Bring Your Own Datatypes: Enabling Custom Datatype Exploration in TVM
In this post, we describe the Bring Your Own Datatypes framework, which enables the use of custom datatypes within TVM.
Introduction
When designing accelerators, an important decision is how one will approximately represent real numbers in hardware.

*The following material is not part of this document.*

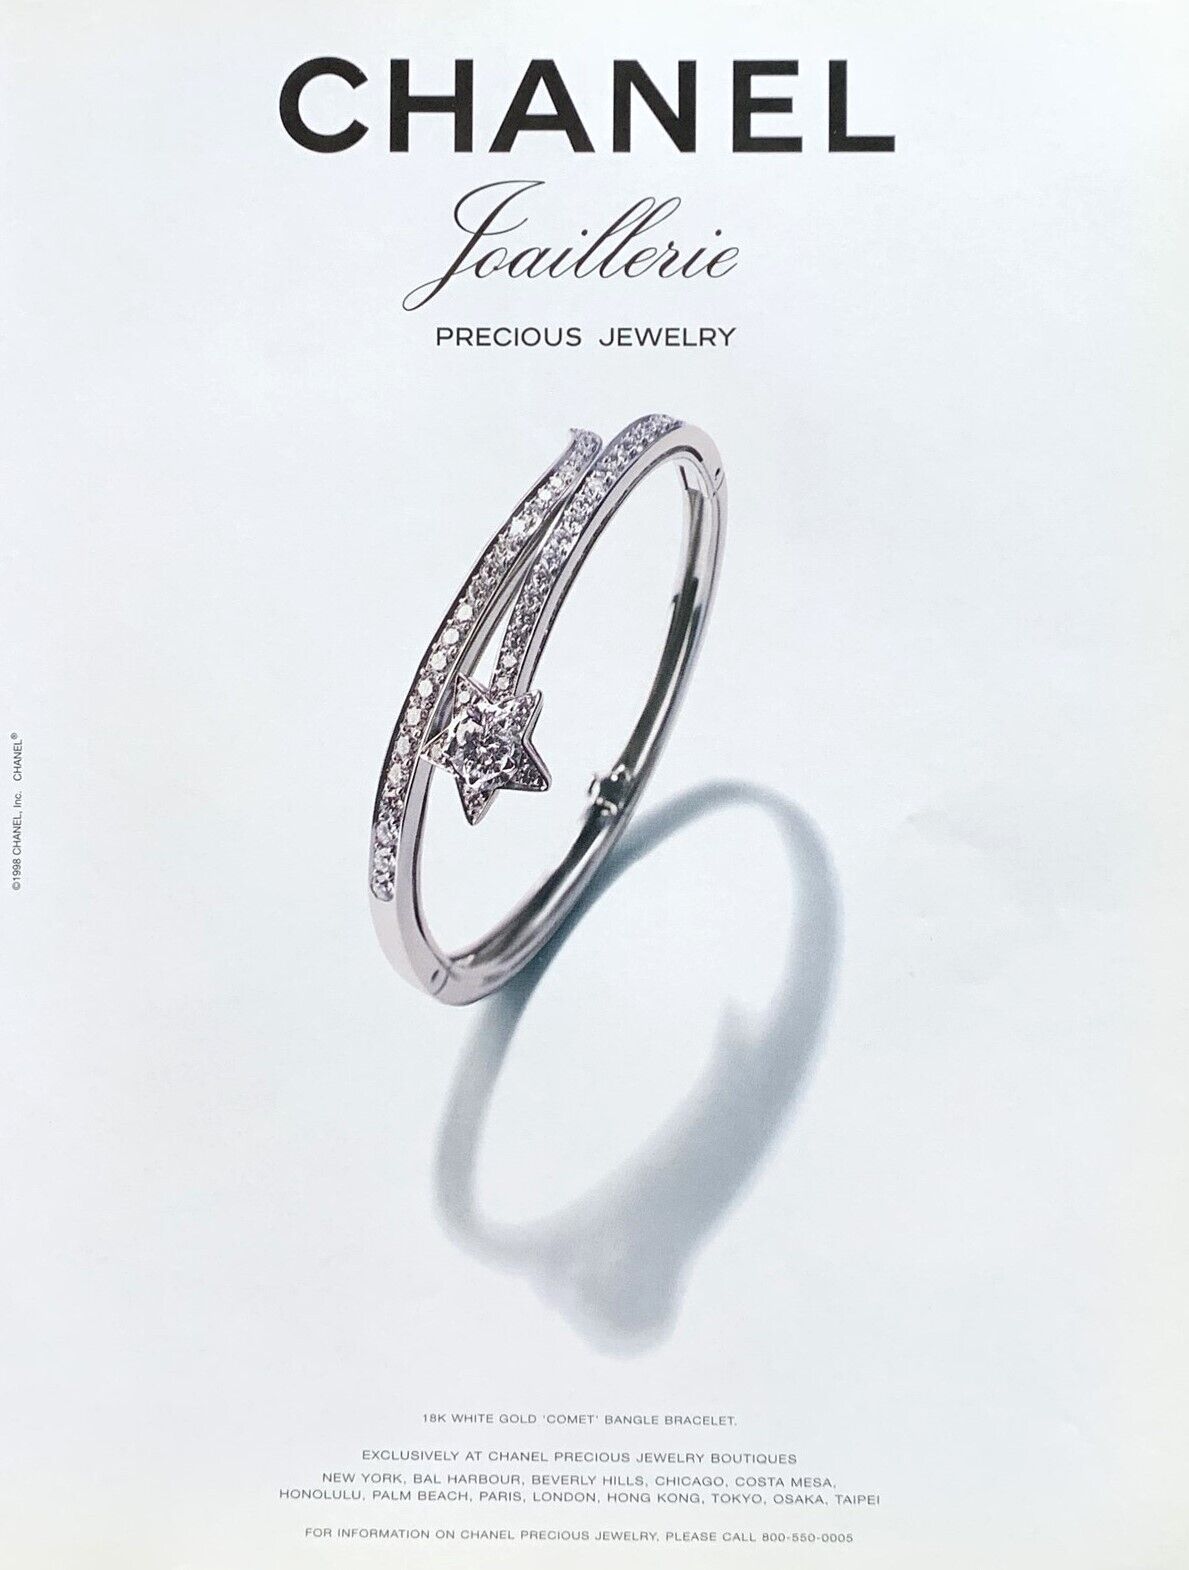 1998 CHANEL Precious Jewelry Original Magazine PRINT AD

This problem has had a longstanding, industry-standard solution: the IEEE 754 floating-point standard.1
Yet,
when trying to squeeze
the most out of hardware
by building highly specialized designs,
does it make sense to use
general-purpose IEEE 754 floats?
If we know the numerical requirements
of our workload,
could we build a smaller,
faster,
or more power efficient datatype?
The answer is yes!
Researchers have already begun experimenting with new datatypes in academic and industrial accelerator designs.

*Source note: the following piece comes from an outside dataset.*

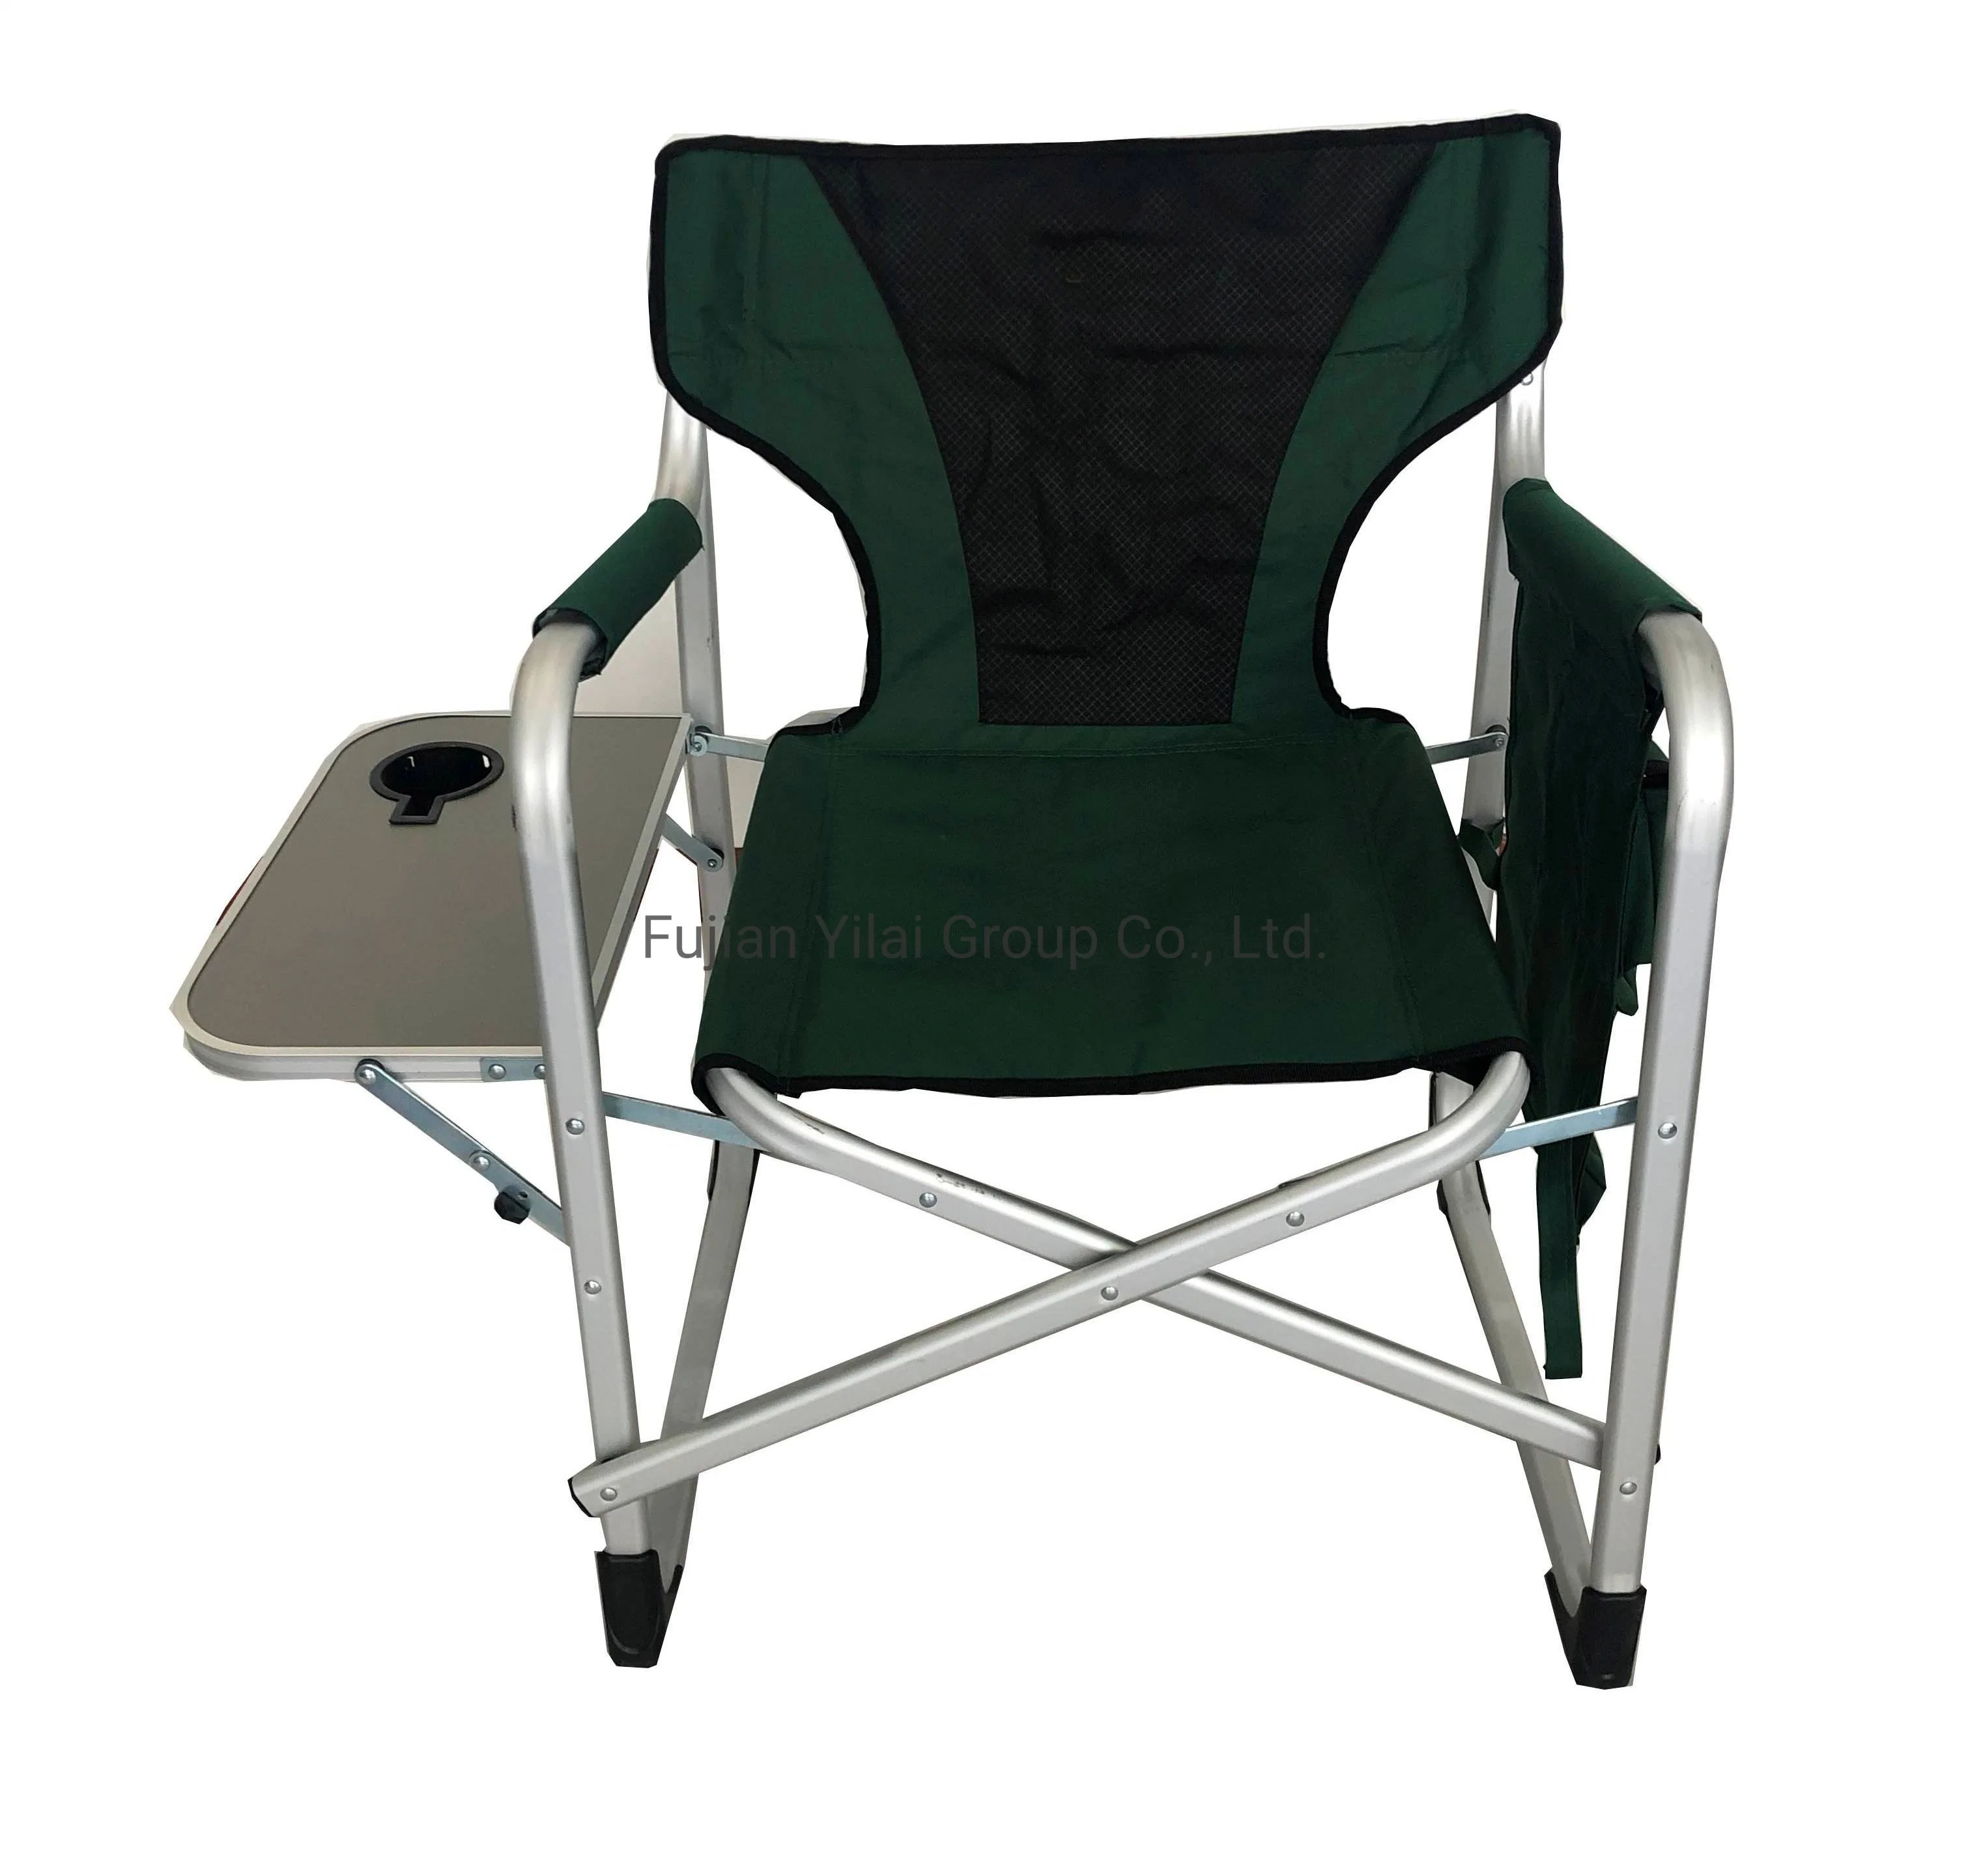 Aluminium Rahmen Portable Director Chair Lightweight Folding Camp Sports Chairs Mit Beistelltisch

For example, Google’s Tensor Processing Unit (the TPU) uses the bfloat
type: a single-precision IEEE float which has been truncated to 16 bits.

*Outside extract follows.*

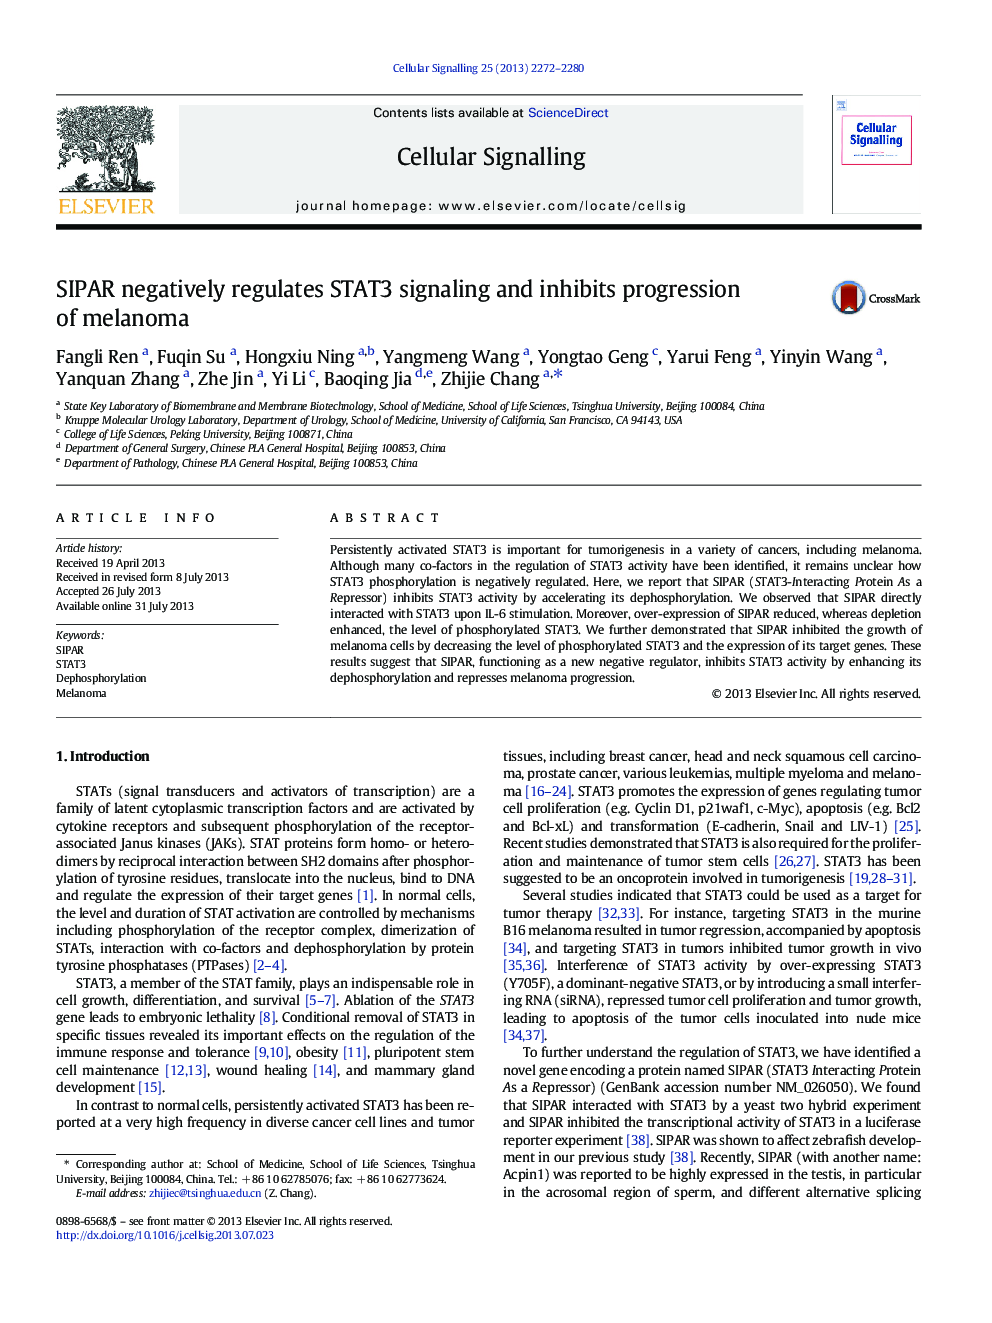 SIPAR negatively regulates STAT3 signaling and inhibits progression of melanoma

Due to the lax numerical requirements
of many deep learning workloads,
this truncation often has no effect
on model accuracy,
while instantly cutting the storage cost
in half.23
Before researchers begin building hardware for their datatype, however, they first need to determine how their datatype will behave numerically in the workloads they care about. This often involves first building a software-emulated version of their datatype (e.g. Berkeley SoftFloat or libposit), and then hacking the datatype directly into workloads, to see how the workload performs using the datatype. Even better is to integrate the datatype directly into compilers themselves, so that many different workloads can be compiled to use the datatype. Both routes can be tedious, with the latter route often becoming unmanageable given the size and complexity of modern compilers. One example taken from GitHub shows someone hacking the posit datatype into TensorFlow. The result is 237 commits, adding nearly 6000 lines of code and touching over 200 files across the codebase—and that’s just to add one datatype! This amount of work is prohibitive for many researchers.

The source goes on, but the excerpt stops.